第2162話 幕間 ――再び遺跡へ――
千代女達がソラを見送りまたどこかへと去っていった頃。ソラはというと、一応は何時も通りを装いながら皇城の一室へと戻っていた。
「ふむ……まぁ、結論から言えば」
「結論から言えば?」
「べーつに驚かん事が一件。初耳がちらほらじゃな」
「マジ? ちなみに、前者は?」
全体的に驚くべき内容だったと思うのだが。ソラはそう思いながらも、ティナへと問いかける。これにティナは肩を竦めた。

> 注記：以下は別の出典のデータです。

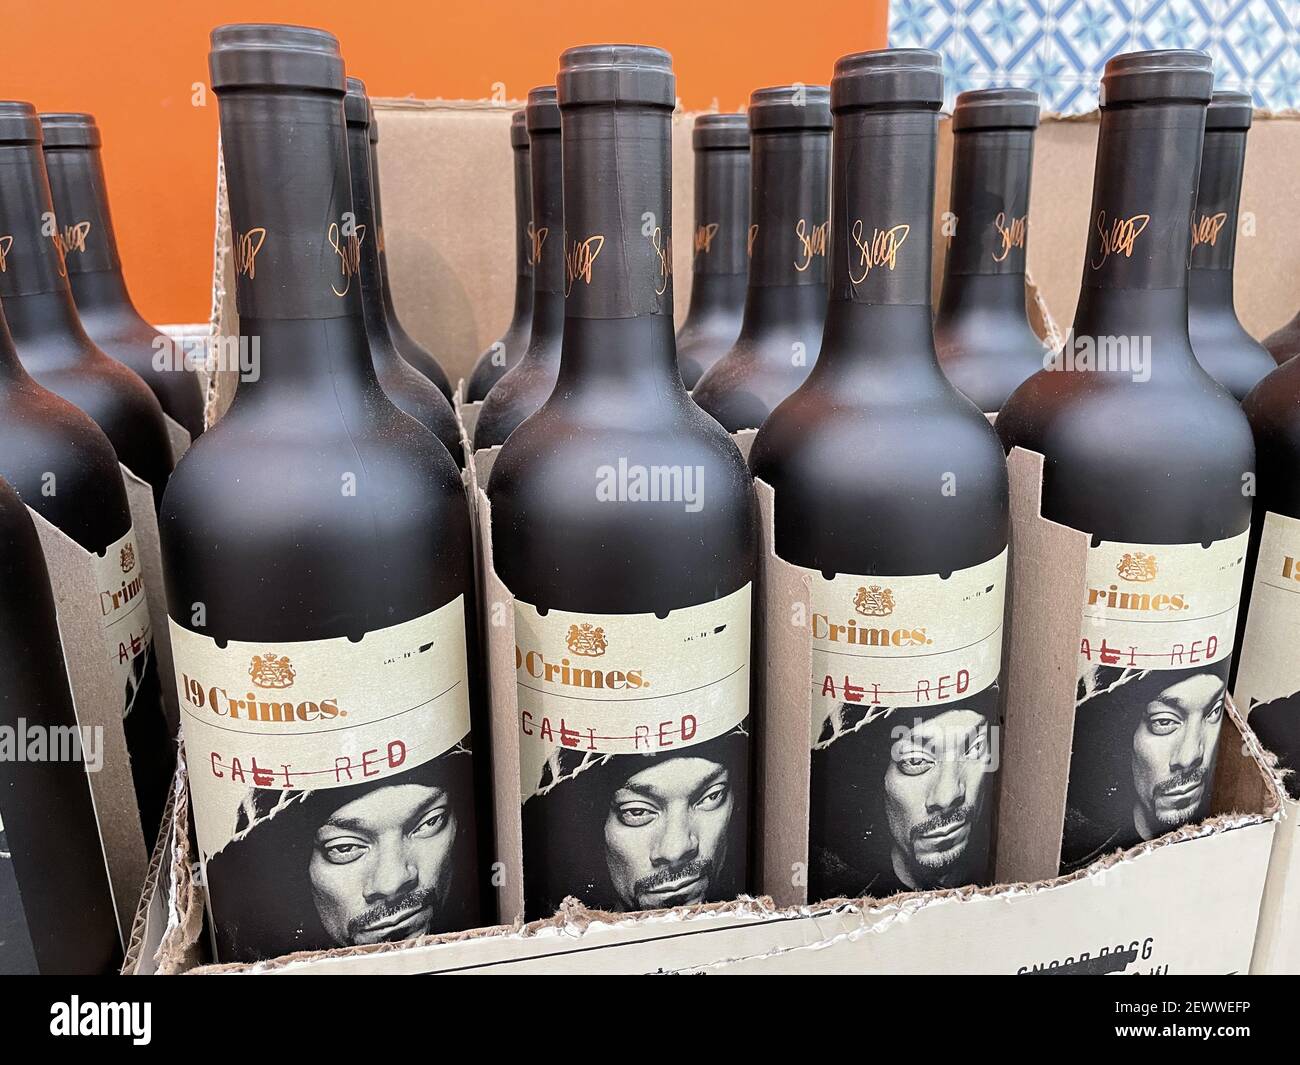 FRESNO, ÉTATS-UNIS - 22 févr. 2021: Une photo de Snoop Dog's New 19 crimes Cali Red Wine en bouteilles noires signé dans leurs affaires 2021 février Banque D'Images

「久秀とやらが裏切ろうとしておる、という所じゃな。カイトから若干ぶっきらぼうに弾正はこっちに寝返ってくるから、あいつの言葉は基本あいつが得た時点で正しい物と考えとけ、と言われておってのう」
「な、納得は出来る……」
「ま、そうじゃのう。これについては日本の歴史やサブカル知っとりゃ驚かん……が、こりゃ違うんじゃ」
「違う?」
松永久秀といえば裏切り者の代名詞とも言われる男だ。それでいて信長にはなぜか気に入られ何度裏切っても許されたほどの男でもあったが、何故かはさっぱりわからなかった。が、その真実を、カイトは知っていた。
「松永久秀の真実……それを、カイトは知っておった」
「……まぁ、あいつが信長の転生だって話だからな。別に驚かないけど」
「うむ……のう、ソラ。お主、日本史……こと戦国時代やっとりゃ気になる点は無いか?」
「気になる点? んなもん、山程あるだろ」
気になる点なんて山程ある。例えば本能寺の変なぞその最たる例だ。何故、明智光秀は織田信長を裏切ったのか。他にも山程気になる事はあった。特に今は自身が戦国乱世に生まれた男の生まれ変わりだろう、と考えられる事もあって殊更調べていた。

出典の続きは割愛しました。